Человек в твердой шляпе тоже был уже болен той прекрасной болезнью, которая составляла наше счастье.

Он уже приходил каждый день, приносил подарки, лечил Терезу, так как также был и доктор, один только беспокоился о нашей будущей, но такой несомненно совместной судьбе.

Так жили мы, все одинаково и каждый по-своему защищаясь от жизни, Безобразов – мышлением, Зевс – презрением, я – печалью. И конечно, Терезе, которая защищалась молитвою, было всех труднее и всех мучительнее жить.

Боже мой, как Тереза была беззащитна! Ее буквально каждый мог обидеть на улице; как часто, например, ее обсчитывали или вовсе не отдавали сдачу. Мужчины, трусливое отродье, неустанно приставали к ней на улице, а какой-то, недовольный ее равнодушием, даже побил ее. Другой раз у нее вырвали сумочку, еще другой раз в пустом коридоре метро хорошо одетый господин средних лет, приоткрыв пальто, показал ей возбужденный детородный член. И всякому было ясно, что она не станет защищаться, не закричит, не ударит нахала. И вовсе не потому, что она была такой доброй, нет, она просто не в силах была очнуться от оцепенения, надеть перчатки, написать письмо. И кажется, не мучай ее Богомилов, никогда бы ничего не ела.

Бесцветные губы ее были странно выпучены, когда она часами смотрела в окно или рассматривала потолок с мрачным интересом. Лицо ее часто носило почти злое выражение, углы рта были брезгливо опущены, и она казалась не в силах приподнять огромные, как будто оловянные ресницы.

Читала ли она книги? Не знаю, ибо я не запомнил ее с книгой. Хотя она все знала, все понимала, думаю, все предчувствовала с чужих слов, со слов о чужих словах. Думаю также, что ей было достаточно одной страницы, чтобы оценить книгу, ибо сразу грубость написанного бросалась ей в глаза, а хорошие книги, к чему, действительно, читать их до конца, не весь ли Пруст заключен в одной своей бесконечной фразе со множеством придаточных предложений, и не вся ли душа писателя в известной перестановке прилагательного, в одном описании единого сумрачного утра.

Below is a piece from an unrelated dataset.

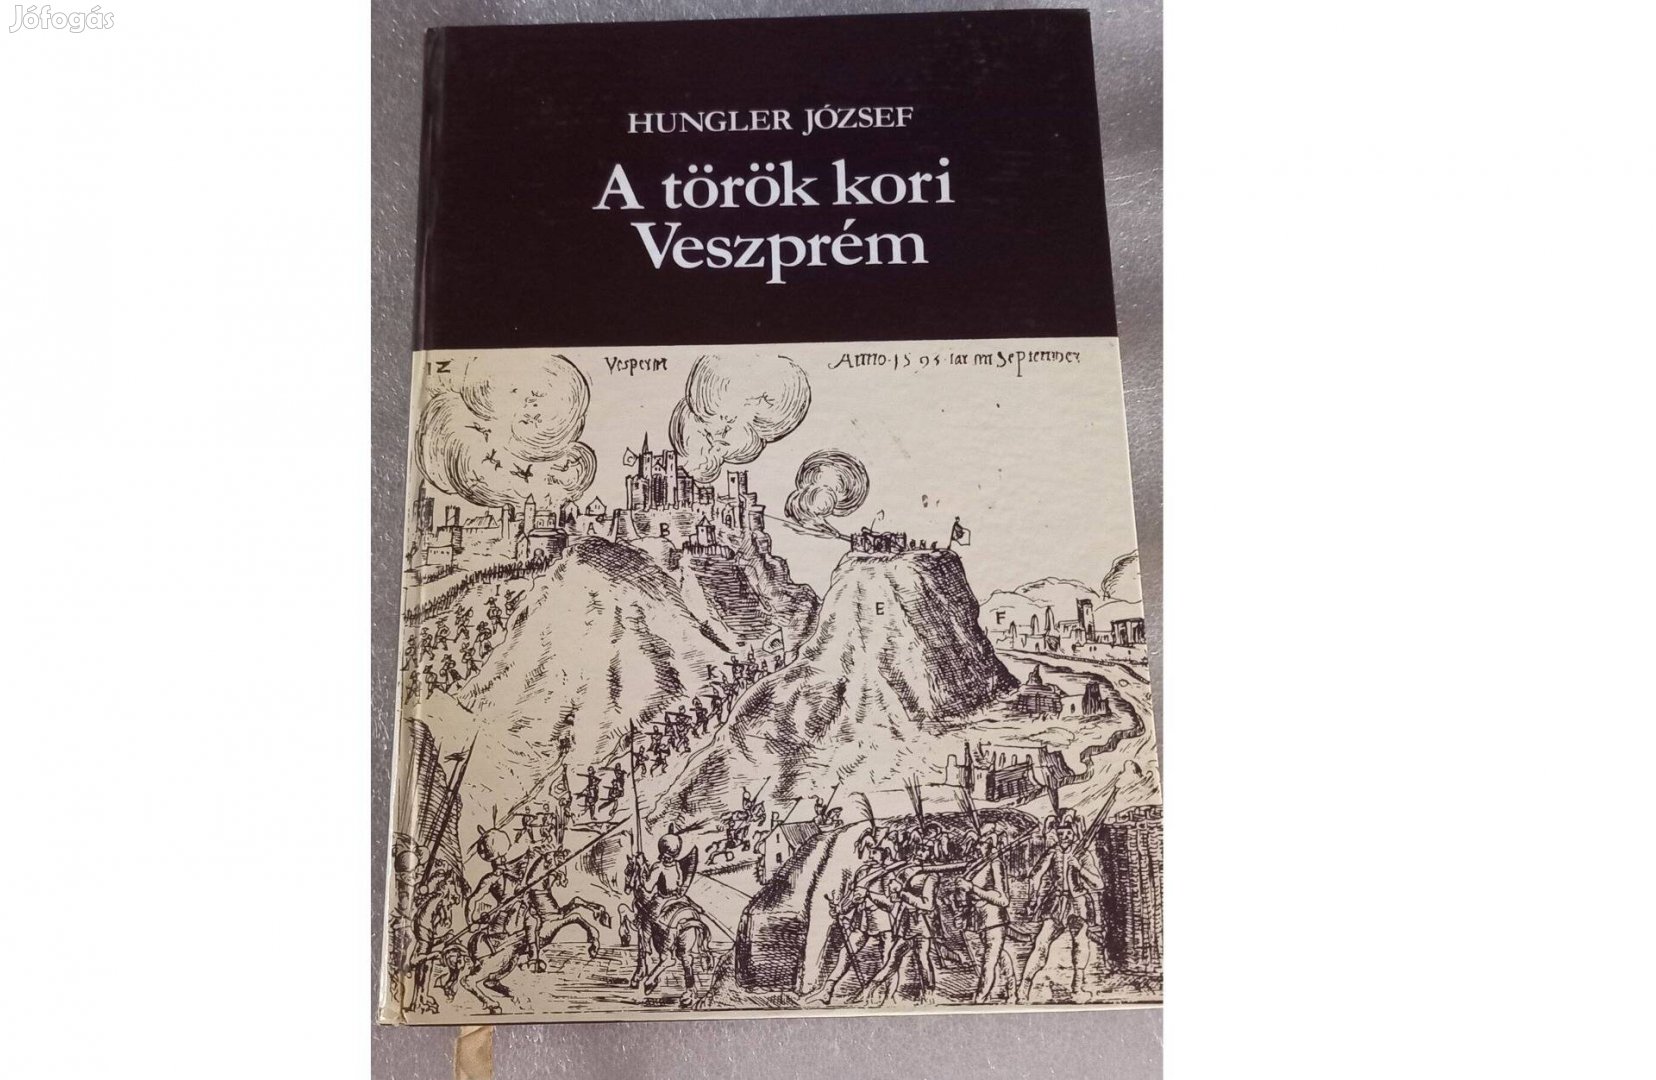 Hungler József A Török kori Veszprém könyv

Зима надвигалась, суровая необычайно. Мы все страдали от холода и темноты. День рано смеркался, бесконечно рано слабел. По голубым улицам еще недолго вприпрыжку бежал полегчавший от холода народ, и скоро уже все было пусто, и редкие снежинки долго кружились по голому камню, прежде чем, ничем не тревожимые, остановятся в неустойчивом равновесии.

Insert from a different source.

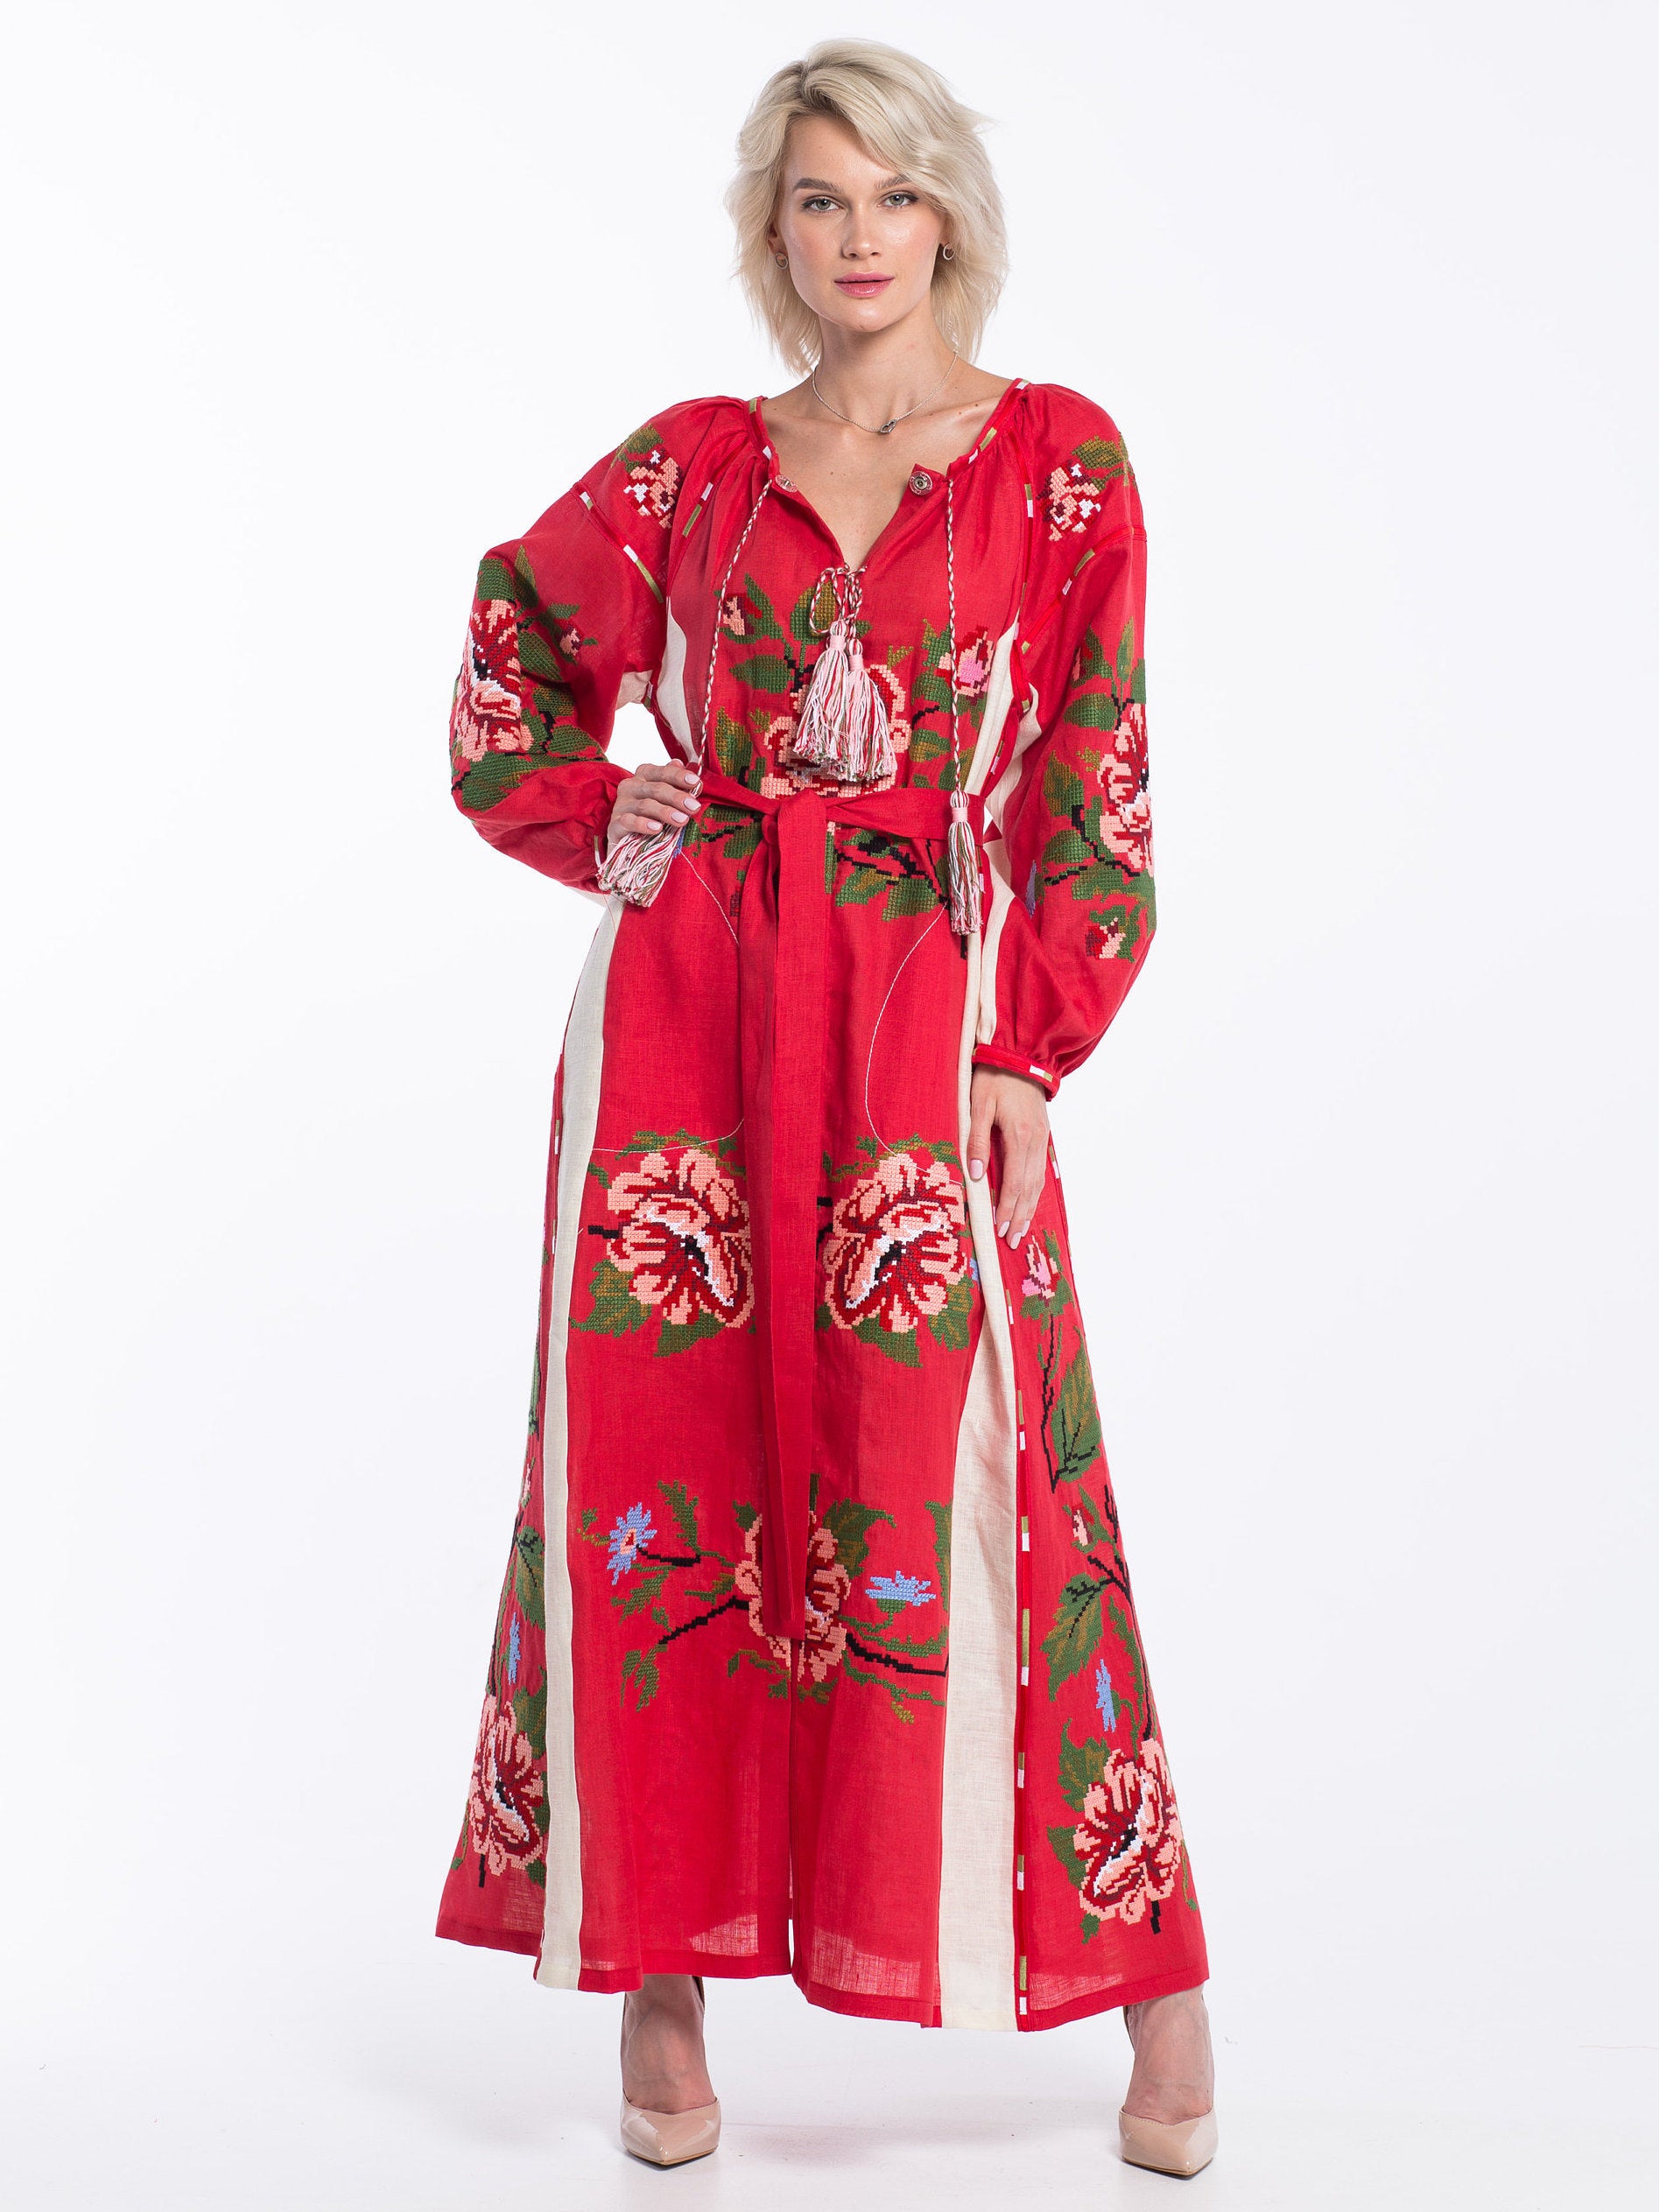 Roses embroidered linen dress kaftan maxi Beach wedding clothing

Река несла широкие желтые куски льда. Широко разлившаяся, она выгнала нищих из их убежищ под мостами, и они исчезли куда-то окончательно. Умерли, может быть, все. Только на некоторых улицах обледенелые палаточные торговцы хриплыми голосами старались симулировать предпраздничное оживление. Они продавали грошовые гребни неестественного цвета, дешевые елочные украшения и бутафорские автоматические ручки. Газетчики грелись около жаровень, пылавших коксовым огнем там, где разрытая мостовая являла глубокий слой бесплодной желтой земли, замешанной черепками и бутылками. У гастрономических магазинов под ослепительным светом дуговых фонарей громоздились варварские декоративные сооружения из ярких консервных банок и раскрытых ящиков с дешевым и сырым печеньем, и между ними, фальшивя и сжимая сердце, звучал кларнет летучего оркестра Армии Спасения, и бритые неудачники в плохо скроенной форме продавали что-то нравоучительное.

Я любил тогда ходить по предпраздничным улицам, проявляя полную нечувствительность к усталости, подобную анестезии. Слушал деревянные возгласы продавцов, шум автомобилей и шлепанье бесчисленных ног и копыт.

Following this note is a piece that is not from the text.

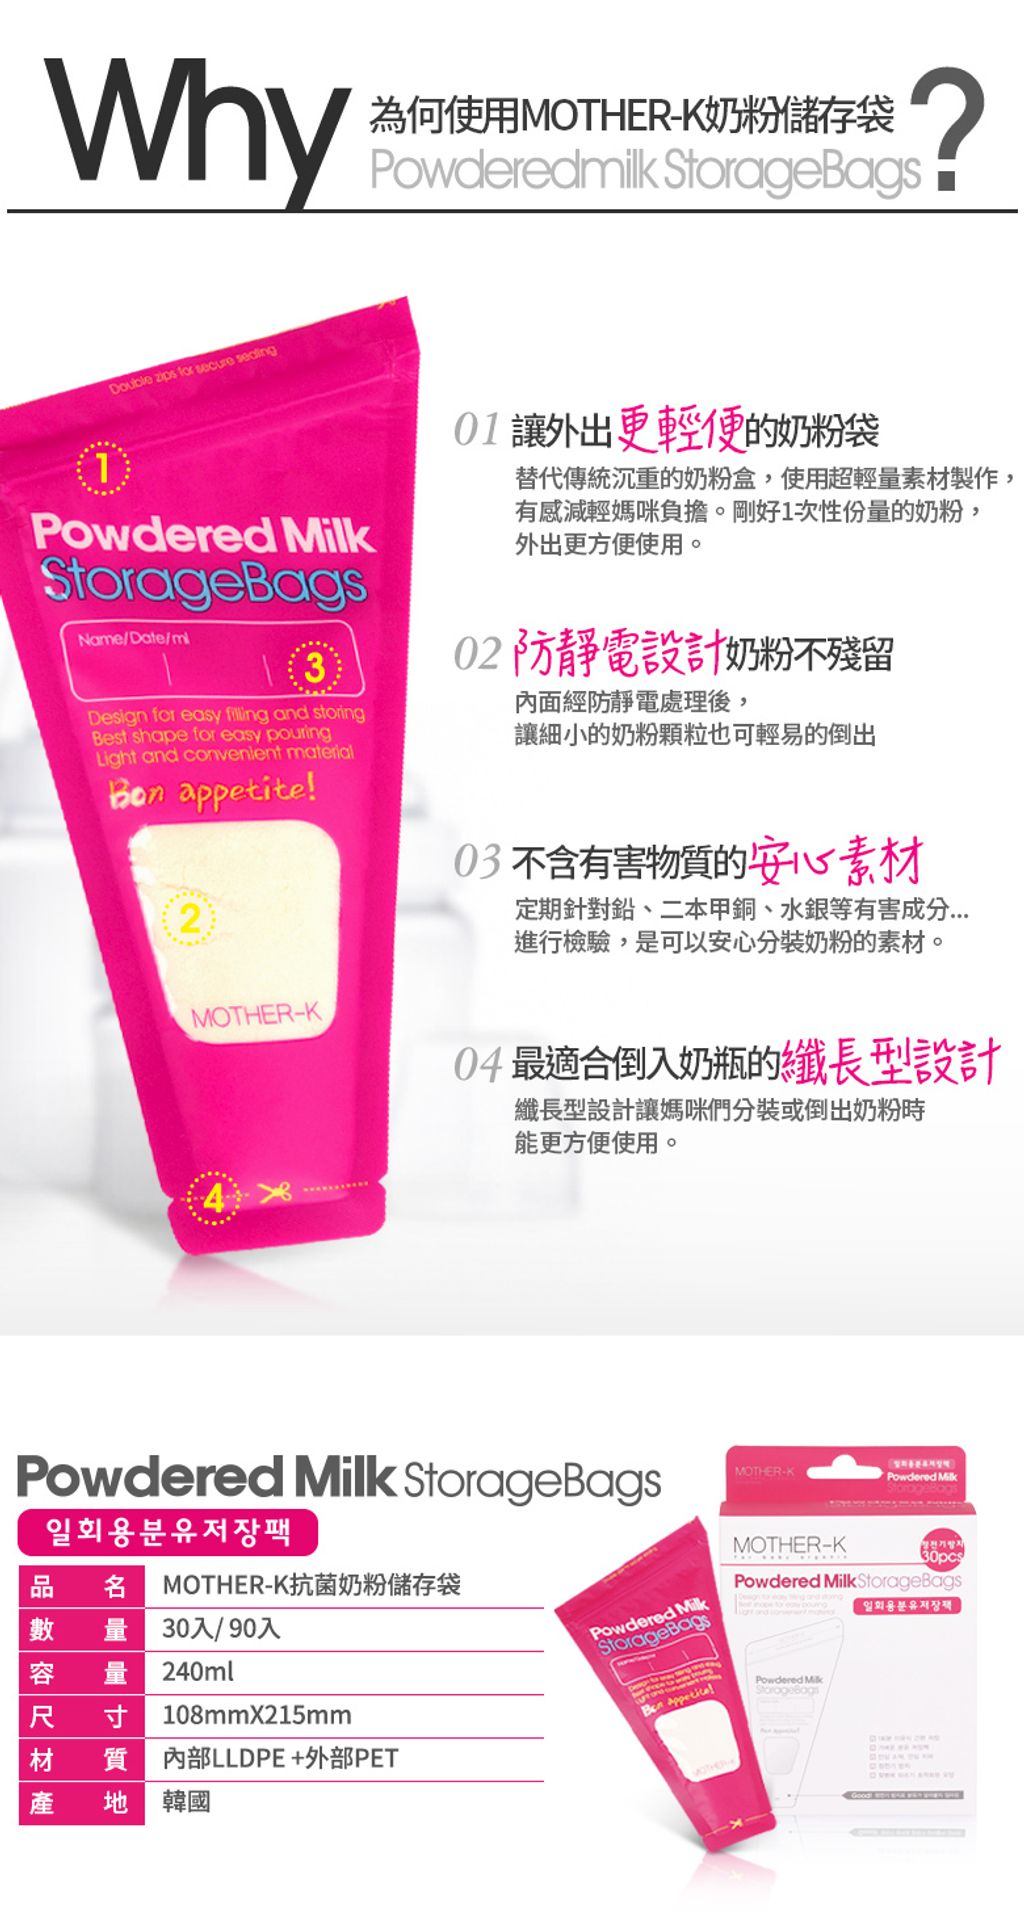 mother-k-powder-milk-storagebag-cn3.jpg

Возвращаясь домой, не снимая шляпы и пальто, ложился ничком на диван, куда Зевс, сжалившись, приносил мне чаю. Тогда я в каком-то смятении вдруг просыпался, приподнимался и, возглашая «нет, нет, я не сплю!», принимался доказывать что-то.

 

Ужасом сумерков означились эти дни, физической тоской о солнце, ибо солнце в деревне тяготит непривычного и недолгого дачника, но солнце в городе, среди камня, отдыхающее на пыльной облезлой зелени, мне было физически необходимо.

Почему так рано темнеет? Четыре часа и уже ночь.

– Самые короткие дни, – отвечал Богомилов.

Тереза сопела носом, она топила печку, и лицо ее было снизу ярко освещено и как будто раскалено, и было что-то бесконечно зимнее, елочное в этом освещении, хотя никто и не заговаривал о елке.

Время шло медленно. Потом мы все играли в карты при свече, и странно, но бесконечно успокоительно звучали однообразные возгласы: «Без козырей, семь первых, вист!» Или Зевс читал газеты, разложив их на полу в сиянии печки. Он вдруг каким-то милым и неожиданным тоном читал отдельные заметки, вызывавшие его изумление: о кладах, о путешествиях или об археологии, но никто не отвечал ему, и скоро он жег газету в печке и слушал прекрасный, но краткий гудящий шум горящей бумаги. А однажды я принес с собою несколько елочных свечей и зажег их, прилепив рядком на спинку колченогого стула. Все долго и неподвижно следили за тем, как прозрачное тело парафина превращалось в огонь, таяло и воззрении исчезало. Последняя свеча долго агонизировала крошечным синим огоньком, то разгораясь опять, золотисто освещая натруженную спинку, и погасла, наконец, в неравной борьбе уступив со всех сторон теснящему ее мраку.

Скоро Зевс принес лампу. Все, щурясь, отстранились от нее, вырванные насильно из своего сгоревшего детства. Эту яркую лампу он купил для нас и чистил ее сам, наливал и заправлял, не позволяя никому к ней прикасаться.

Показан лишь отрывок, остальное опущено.